The idea is to categorize these fields into three broad areas: green, yellow, and red. The proposed framework for field determination rests on National Security Decision Directive 189 (1985) — which establishes that fundamental research results should remain unrestricted “to the maximum extent possible” and that “where national security requires control, the mechanism for control is classification” — and the NSDD Federation of American Scientists policy directive on technology transfer.⁶

The core of the system would be a tiered technology list, such as that proposed below, distinguishing among the following: 

• Tier 1 (Green): Fully open (NSDD-189 applies)
• Tier 2 (Yellow): Allied collaboration only (e.g., the Five Eyes intelligence coalition of Australia, Canada, New Zealand, the UK, and the US and select partners), registered with an approved entity
• Tier 3 (Red): Classified and/or US only

Complex considerations would be needed for a tier 2 assignment. This area would likely be the intersection of the following: 

• Direct military application, where collaboration enhances US capacity
• High strategic value with dual-use potential, where collaboration enhances US capacity
• Active foreign intelligence targeting where care needs extra scrutiny and consultation
• Limited global supply chains that need extra scrutiny and consultation
• Fields where foreign expertise and access are in US interests.

This system would be supplemented by a notification mechanism that tracks yellow-light research projects, personnel, and international collaborations without imposing full export-control burdens.
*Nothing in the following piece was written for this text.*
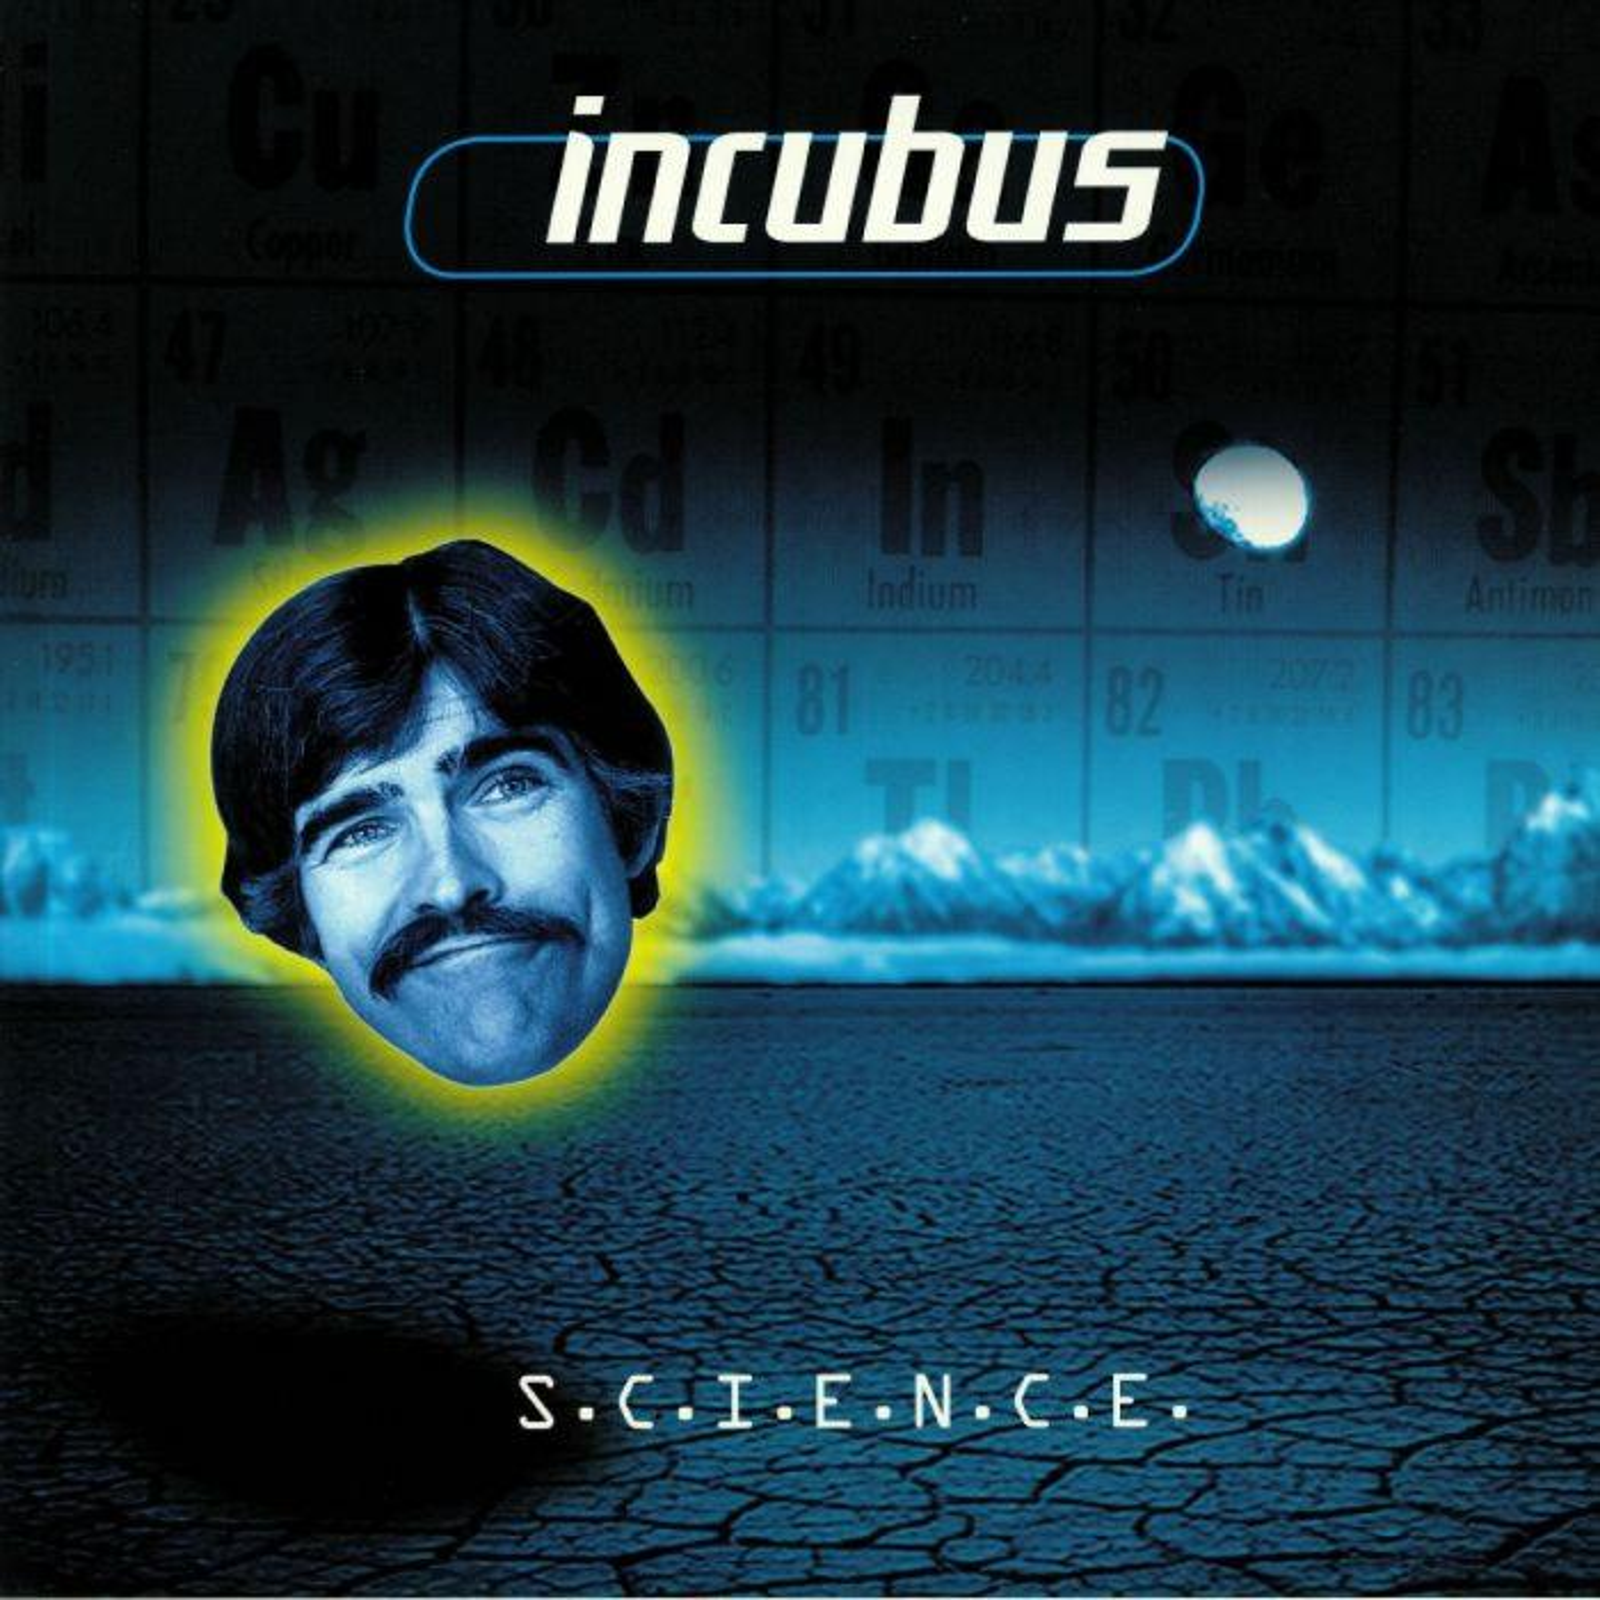 Виниловая пластинка Incubus–S.C.I.E.N.C.E. (2LP)

Green light fields: Criteria for full NSDD-189 openness

For a field to qualify for unrestricted international collaboration under NSDD-189, it should meet most or all of these conditions:

1. It should address inherently transnational problems that cannot be solved within national boundaries, such as:

• Pandemic preparedness and infectious disease (excepting select agents and controlled pathogens)
• Climate science and atmospheric modeling
• Seismology and earthquake early warning
• Oceanography and marine ecosystems
• Biodiversity and conservation biology

2. There should be long-term horizons for application. This would involve basic science, where military or strategic relevance is distant and where US capacity is enhanced by openness, such as the following fields:

• Fundamental physics (e.g., cosmology, particle physics, condensed matter theory)
• Pure mathematics
• Evolutionary biology
• Paleontology and geology
• Astronomy and astrophysics (non-space systems)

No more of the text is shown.